Je me baissai en silence afin de récolter les plus gros morceaux, m'en retournai dans l'arrière-boutique où je les entendais rire. Je pris le balai et la pelle, tremblante, entre la colère et les larmes, allumant difficilement une cigarette comme je ne parvenais pas à craquer les deux premières allumettes. 

J'avalai une bouffée de tabac, puis fermai les yeux. Lorsque je les rouvris, je m'aperçus qu'un soldat d'âge moyen se tenait caché derrière les sacs de farine. Je tressaillis, d'abord immobile, comme l'homme, maigre, levait les mains en signe de paix. Il n'était pas comme les autres, il n'était pas allemand, mais l'un de ces Polonais enrôlés de force dans la Wehrmacht. 

Nous nous observâmes à distance, longuement et muets comme il ramassa cette miche de pain, entamée à ses pieds. 

Les jours passèrent et je notai un évident changement de comportement à mon égard. Les femmes écartaient leurs enfants devant moi, les hommes, eux, riaient ou bien crachaient sur mon passage. 

Les clients se firent plus rare au café, les clients français, et ceux qui persistaient à venir ne m'adressaient plus la parole. Seul monsieur Jean qui perdait la mémoire me saluait et souriait. Ce dernier oubliait jusqu'à l'existence même de la guerre et prenait nos occupants pour « d'élégants touristes ». 

« Que font-ils là, tous ces garçons ? » demandait-il jour après jour comme je lui apportais le journal, « N'ont-ils pas mieux à faire que Colleville ? » 

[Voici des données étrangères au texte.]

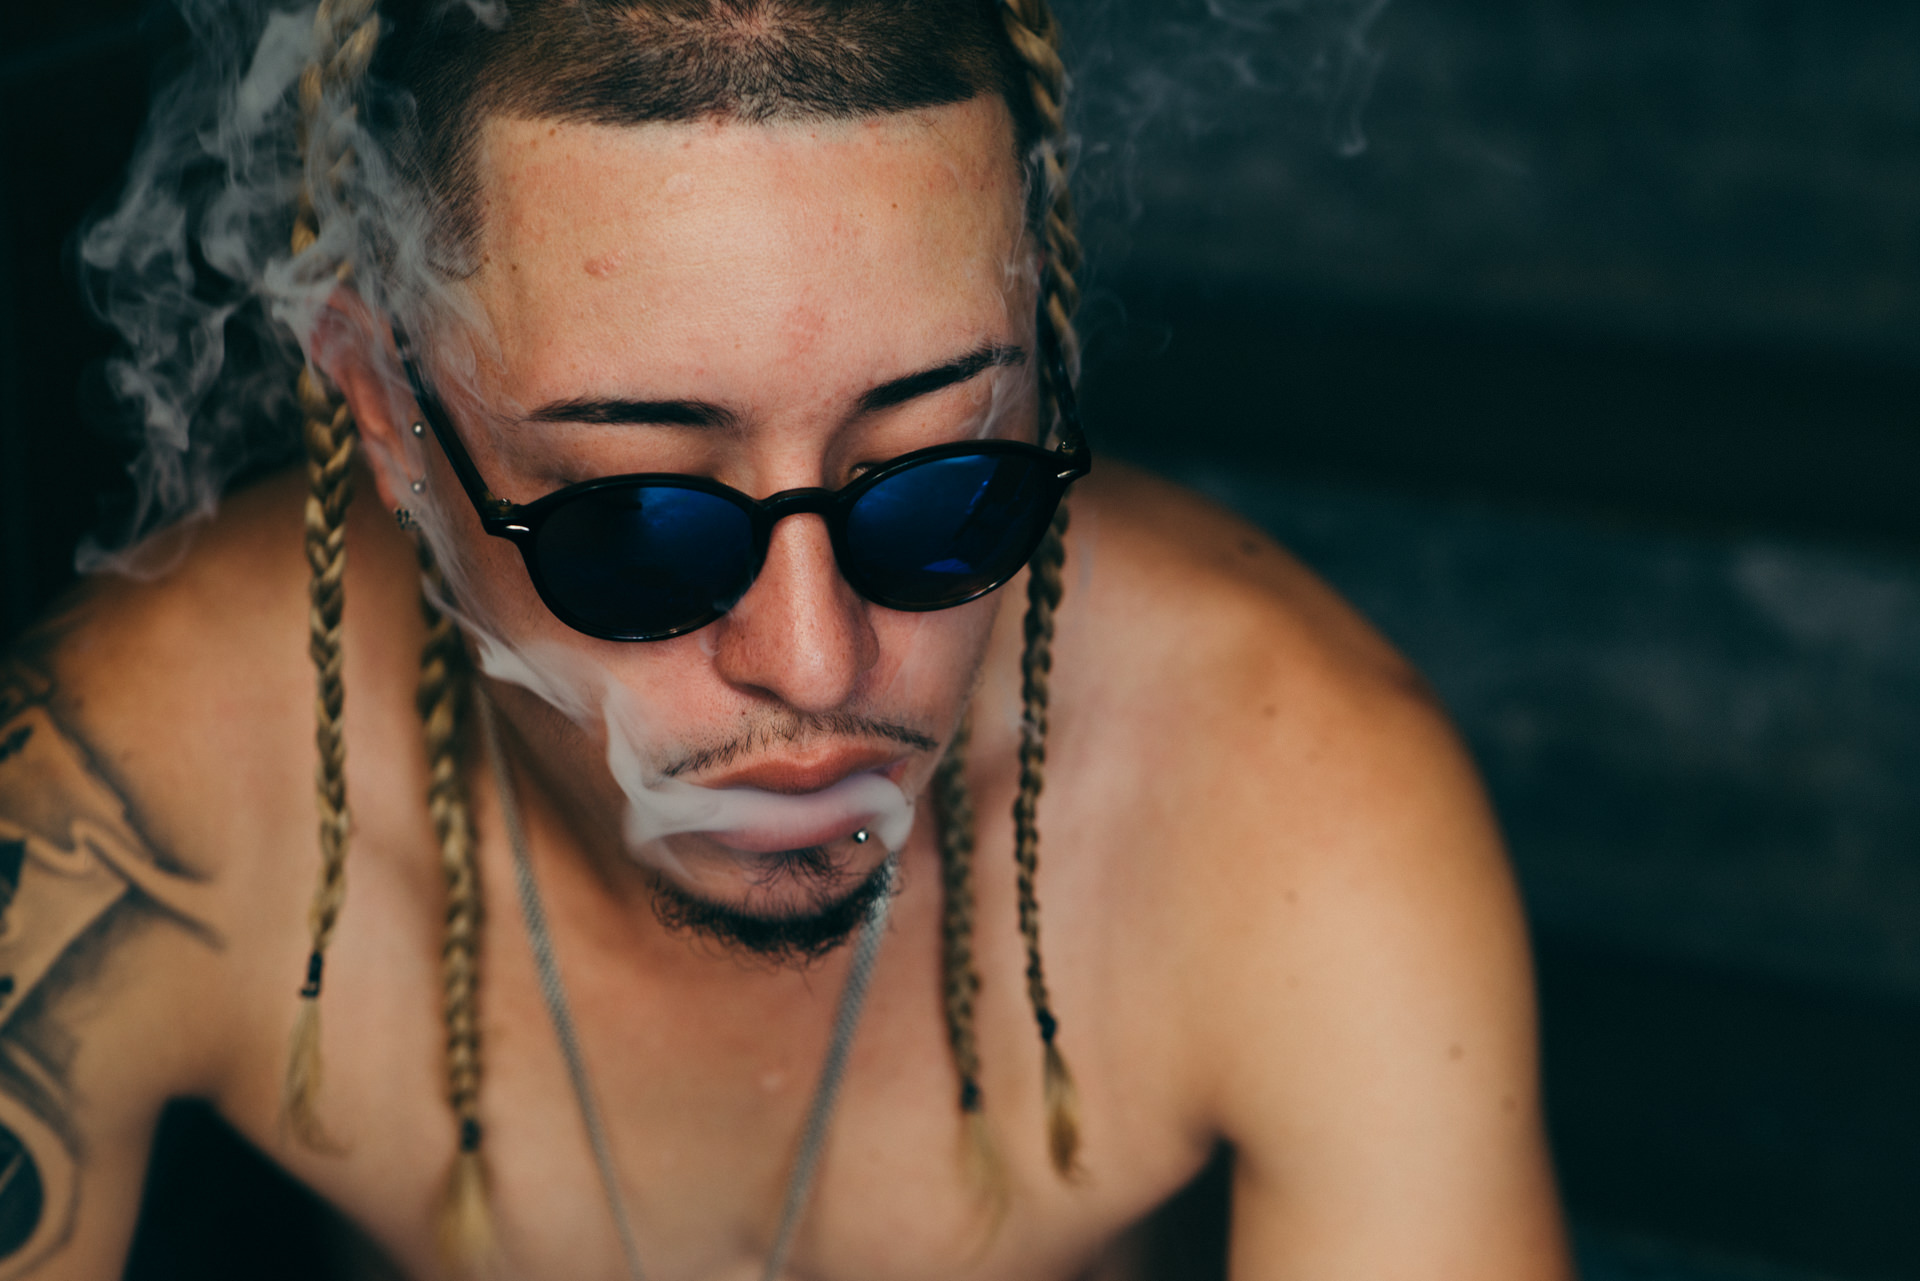 Johny, South London rapper – portraits photography

La plupart du temps, je me terrais dans l'arrière-boutique. Le stock de marchandises diminuait comme le réapprovisionnement se faisait irrégulier et faible. 

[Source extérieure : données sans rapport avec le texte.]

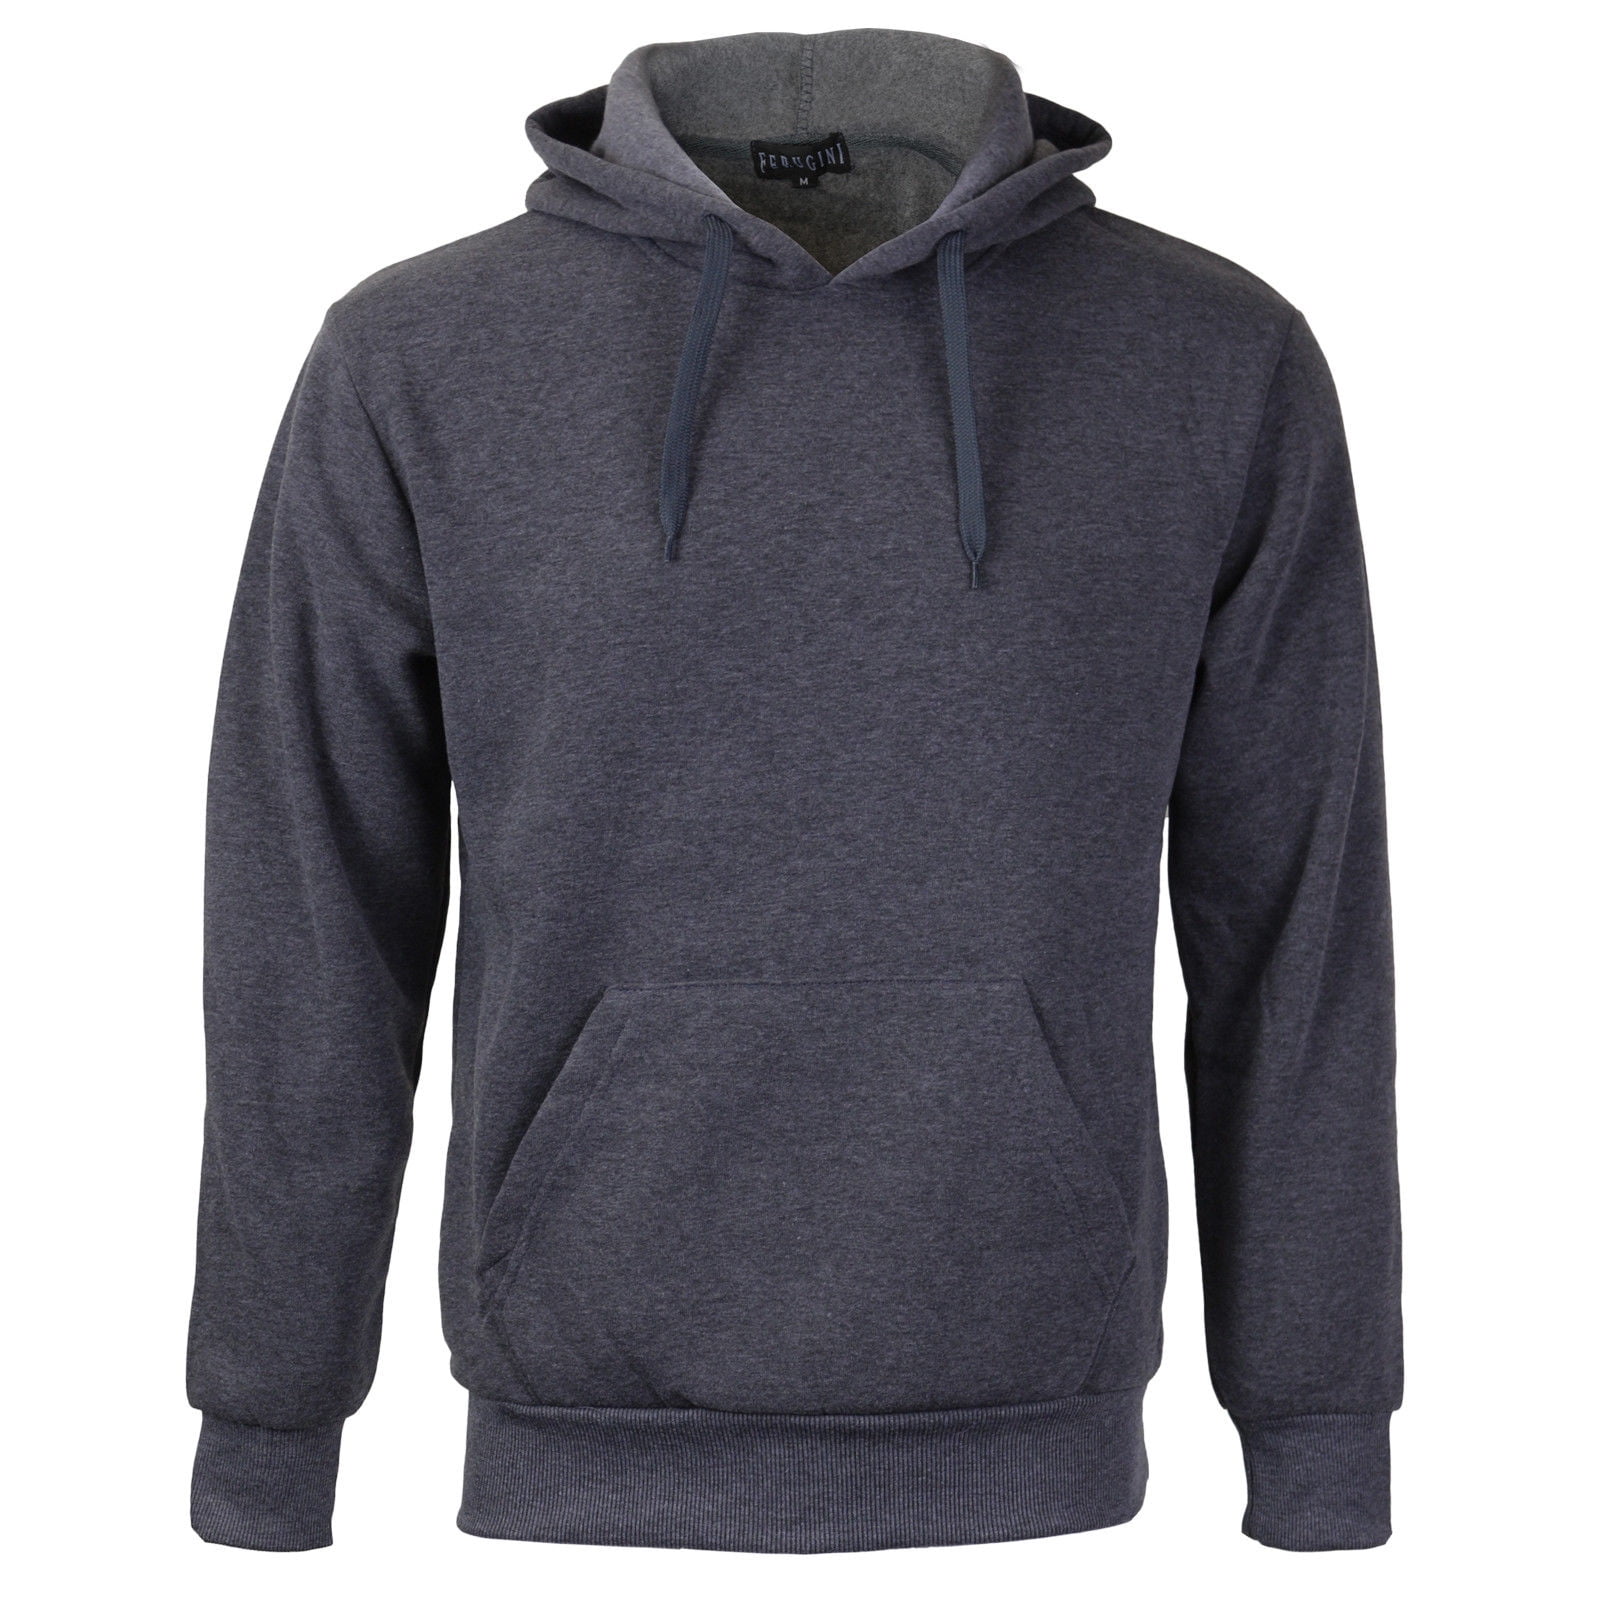 Men's Premium Athletic Drawstring Fleece Lined Sport Gym Sweater ...

Chaque après-midi, le soldat polonais entrait par la porte donnant sur la cour et venait prendre une miche de pain. Nous ne pouvions discuter, car il ne parlait pas français. Je savais au moins qu'il s'appelait Maciej, Maciej Kataschnikow. 

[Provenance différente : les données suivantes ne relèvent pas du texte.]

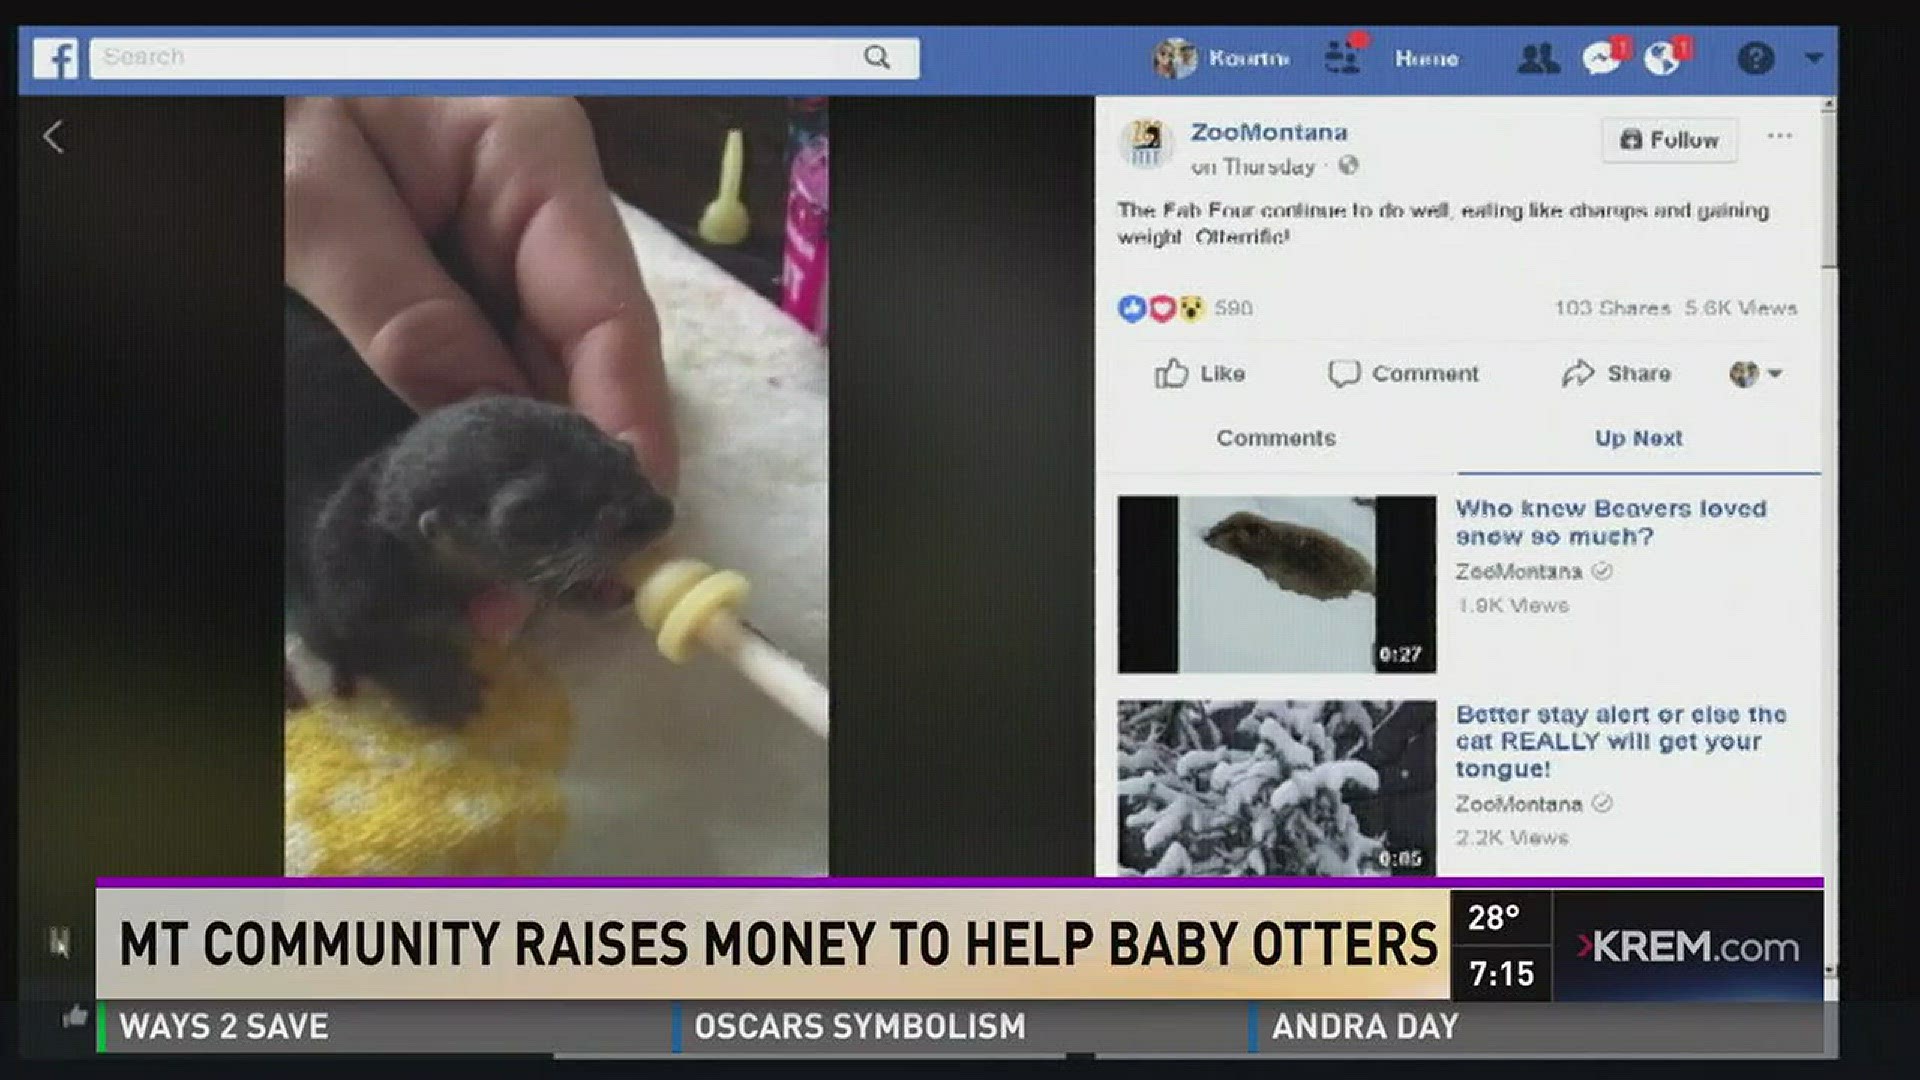 MT community raises money to help baby otters (3-5-18)

Un mardi, je lui offris de l'affreux café, et lui me proposa bien poliment l'eau de sa gourde comme il n'avait rien d'autre. Le lendemain, un peu d'alcool avait remplacé l'eau, une liqueur extrêmement forte qui avait un goût de racine et d'herbe. 

Mocny

Je manquai de m'étouffer, puis ris avec lui. 

— Fort ? demandai-je. 

— Fort ! répondit-il. 

Je me mis à chercher de la saccharine pour le café, ouvris une caisse après en avoir déplacer trois autres. 

Jeszcze

Je compris comme il me tendait sa gourde, le remerçiai, mais refusai. Il sourit avant de boire une nouvelle lampée, ramenant ses cheveux d'argent derrière ses oreilles. Je me penchai sur la caisse, puis l'éventrai. Une seconde, je reculai, me redressai en découvrant les tracts dissimulés sous les sacs.